Долгое мгновение она смотрела на меня; в Версале ни одно значительное лицо не отвечает быстро и под влиянием чувств; каждая фраза просчитывается, как шахматный ход. Я понимала, что она собирается ответить: "Не знаю её", и молилась, чтобы прозвучали именно эти слова: тогда король понял бы, что я никто и достойна его внимания не более мимолётной ряби на поверхности канала. Наконец до меня донёсся голос Мадам: "Кажется, та девица, которую обманул д'Аво и всячески изобидели голландцы, - она ещё заявилась растерзанная, взывая к состраданию".
Мне представляется маловероятным, чтобы Лизелотта узнала меня, не имея какого-то дополнительного канала информации. Не Вы ли ей написали, доктор? Я не могу понять, до какой степени Вы действуете самостоятельно, а до какой - в качестве пешки (правильнее, наверное, было бы написать "слона" или "ладьи") Софии.
Будь я из сельских графинь, что приезжают в Версаль, дабы утратить невинность в постели какого-нибудь вельможи, эти жестокие слова исторгли бы у меня слёзы. Однако я уже освоилась здесь и знала, что по-настоящему жестоки были бы слова: "Она - никто". Их Мадам не произнесла. Соответственно, король ещё на несколько мгновений задержал на мне взгляд.
Луи и Беатриса заметили короля и застыли в священном ужасе, словно статуи. Последовала новая долгая пауза.
Король сказал:
- Я слышал эту историю. - И, помолчав, добавил: - Если бы д'Аво спрятал письма на груди у вонючей старой карги, за их сохранность можно было бы не тревожиться, однако какой голландец откажется вскрыть печать на таком конверте?

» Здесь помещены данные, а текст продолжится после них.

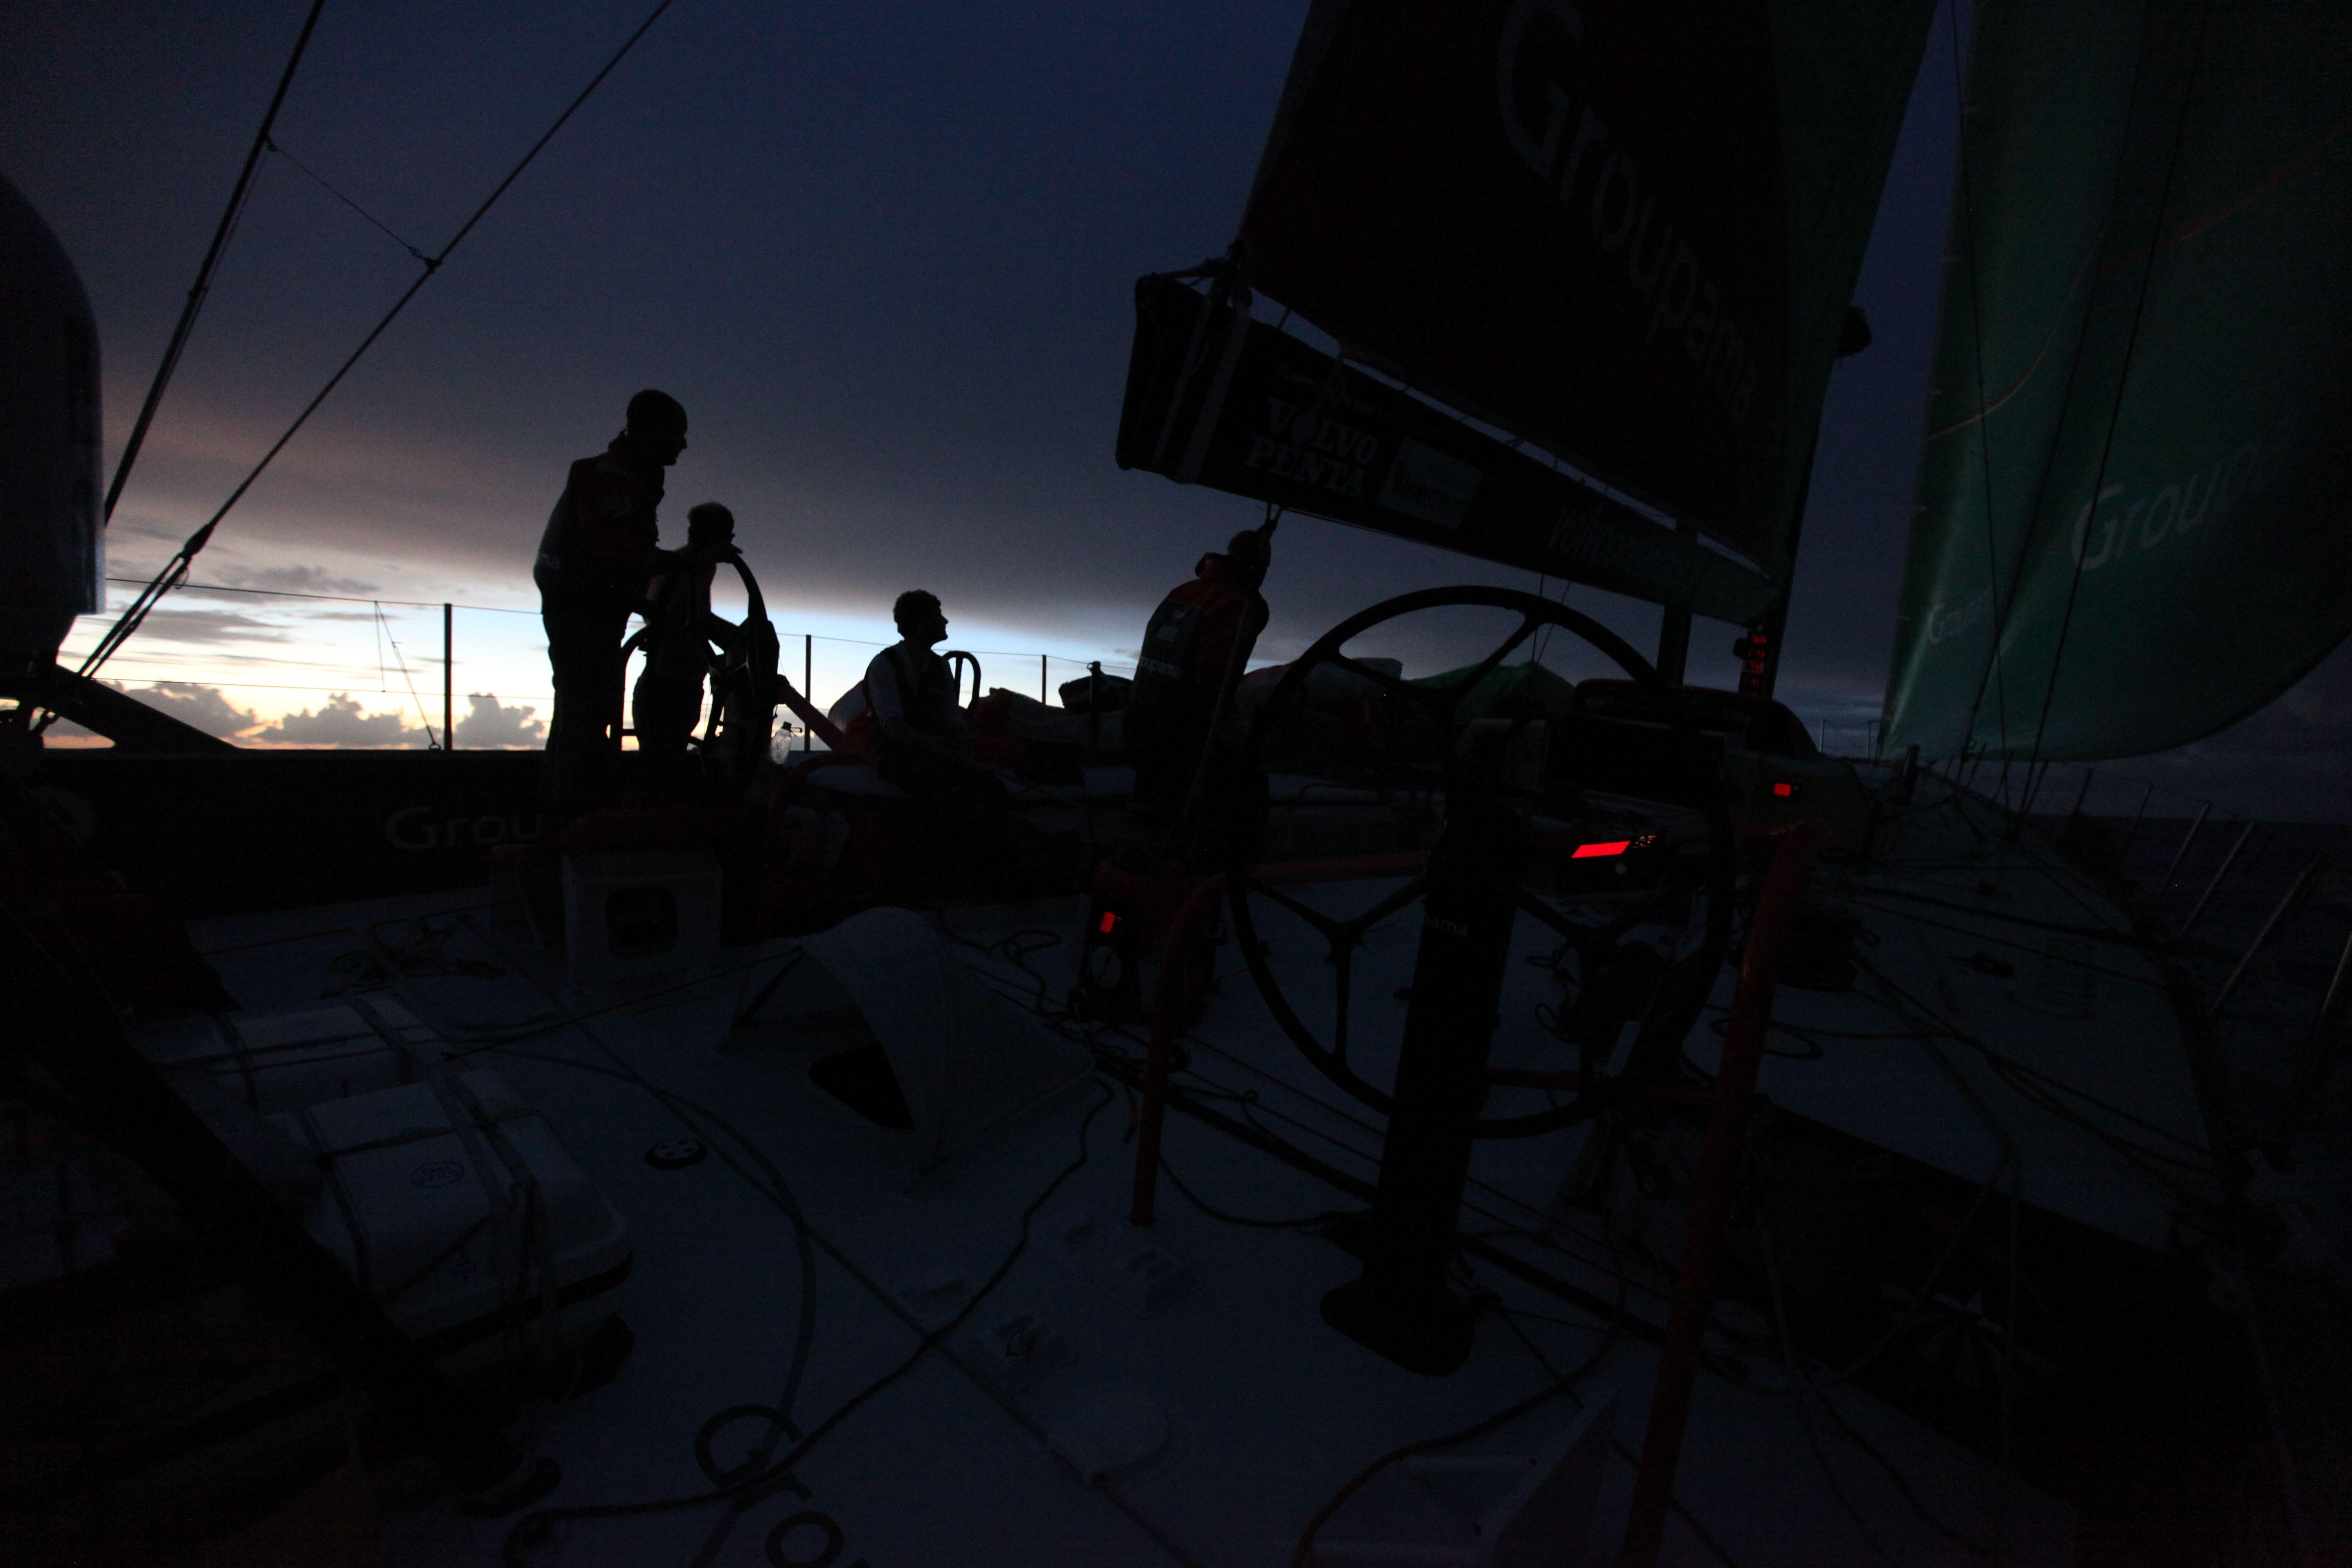 Leg 4 - Day 14 - Groupama in the Volvo Ocean Race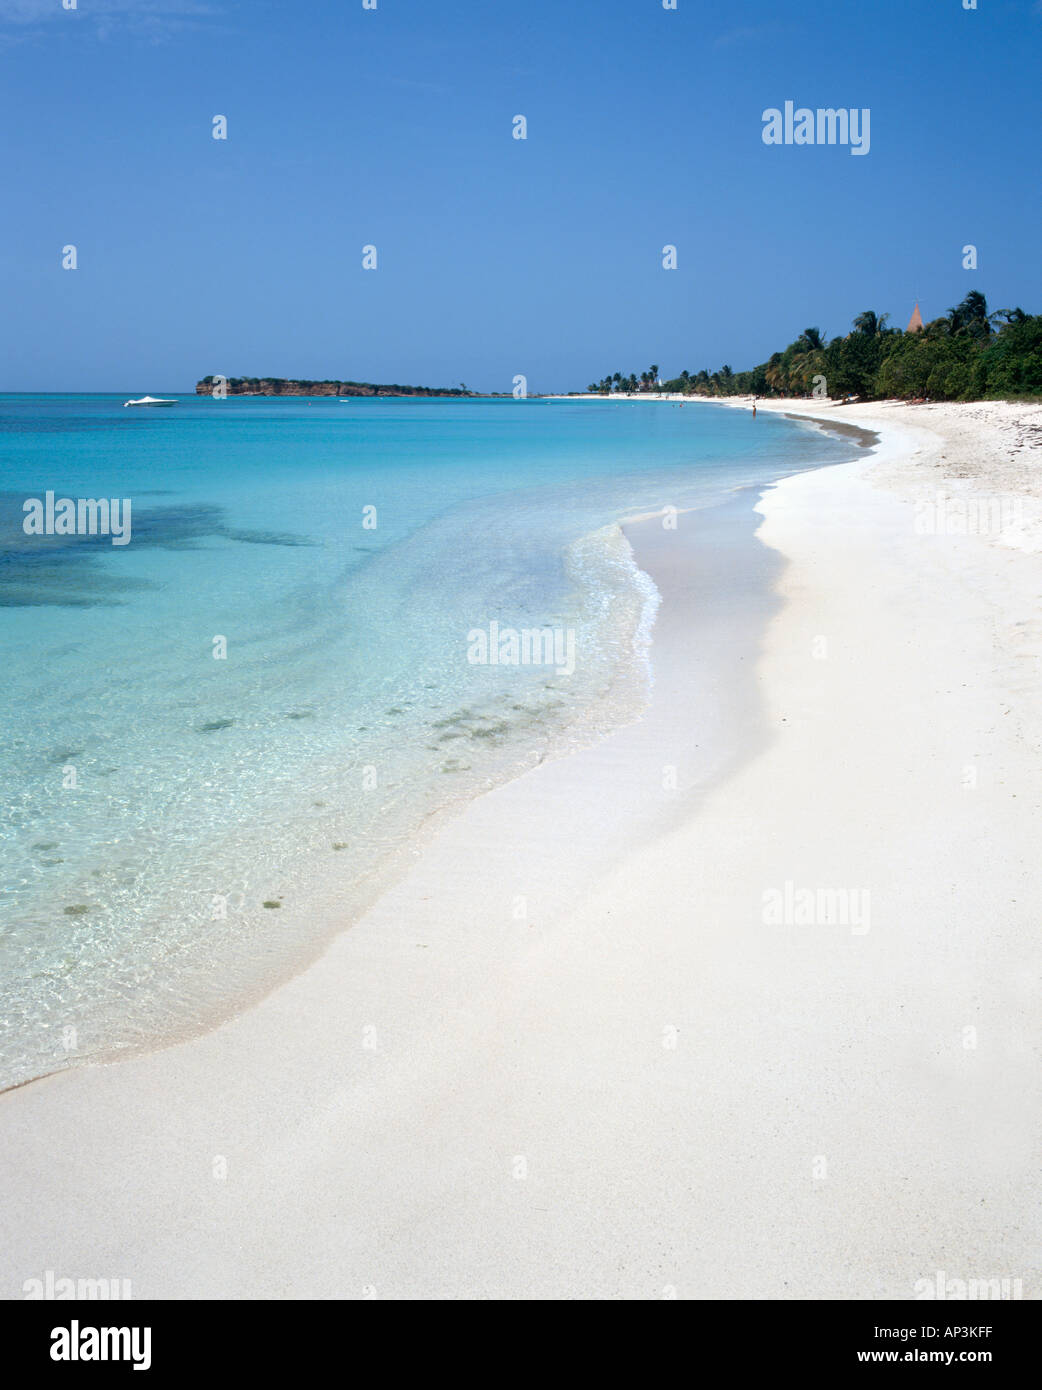 Spiaggia deserta, Runaway Bay, Antigua, West Indies, dei Caraibi Immagini Stock

- Однако, сир, - отвечала Лизелотта, - д'Аво - француз, а какой француз согласится?
- Он не так разборчив, как пытался вас убедить, - возразил король, - а она не так груба, как вы хотели бы уверить меня.
Тут маленький Луи стремительно рванулся вперёд - я даже испугалась, что он упадёт в воду и придётся за ним нырять, однако он замер на краю, выставил ногу и поклонился королю, словно придворный. Я притворилась, будто лишь сейчас его увидела, и вскочила. Мы с Беатрисой сделали реверанс. Король вновь приветствовал нас, подняв шляпу, быть может, с некоторым шутливым преувеличением.
- Вижу блеск в ваших глазах, сир, - сказала Лизелотта.
- А я - в ваших, Артемида, - отвечал король.
- Вы напрасно верите слухам. Скажу вам, что простолюдинки, которые являются ко двору соблазнять дворян, подобны мышиному помёту в перце.
- В этом она пытается нас убедить? Как банально!
- Банальные уловки - самые действенные, сир.
На этом они закончил свой странный разговор и медленно поехали прочь.
Говорят, что король - великолепный наездник, однако в седле он сидит неестественно прямо. Полагаю, он страдает от геморроя или от болей в спине.
Я немедленно отвела детей домой и села писать Вам. Для такого ничтожества, как я, сегодняшнее событие - верх славы и торжества, и хочется записать его, пока подробности свежи в памяти.
Графу д'Аво
12 июля 1685
Монсеньор,
Сегодня у меня столько же посетителей, сколько и всегда (к большой досаде графа де Безьера), но поскольку я сильно загорела, стала носить дерюгу и пространно цитировать из Библии, их интересуют не амуры. Теперь они приходят спросить о моём испанском дядюшке. "Сожалею, что ваш испанский дядюшка вынужден был перебраться в Амстердам, мадемуазель, - говорят они, - по слухам, испытания закалили его разум". Когда некий сын маркиза впервые обрушил на меня эту чепуху, я объявила, что он меня с кем-то путает, и попросила закрыть дверь с другой стороны. Однако второй обронил Ваше имя, и я поняла, что его неким образом направили ко мне Вы - вернее, что он явился ко мне в ложном убеждении, будто у меня есть мудрый испанский дядюшка и что убеждение это возникло вследствие некой запущенной Вами цепочки событий. Исходя из этой догадки, я начала подыгрывать, осторожно, ибо не знаю, в чём состоит игра. С его слов я поняла, что меня считают тайной еврейкой - незаконной дочерью смуглого испанского сефарда и белокурой голландки; весьма правдоподобно, ибо от солнца волосы у меня выцвели, а лицо загорело.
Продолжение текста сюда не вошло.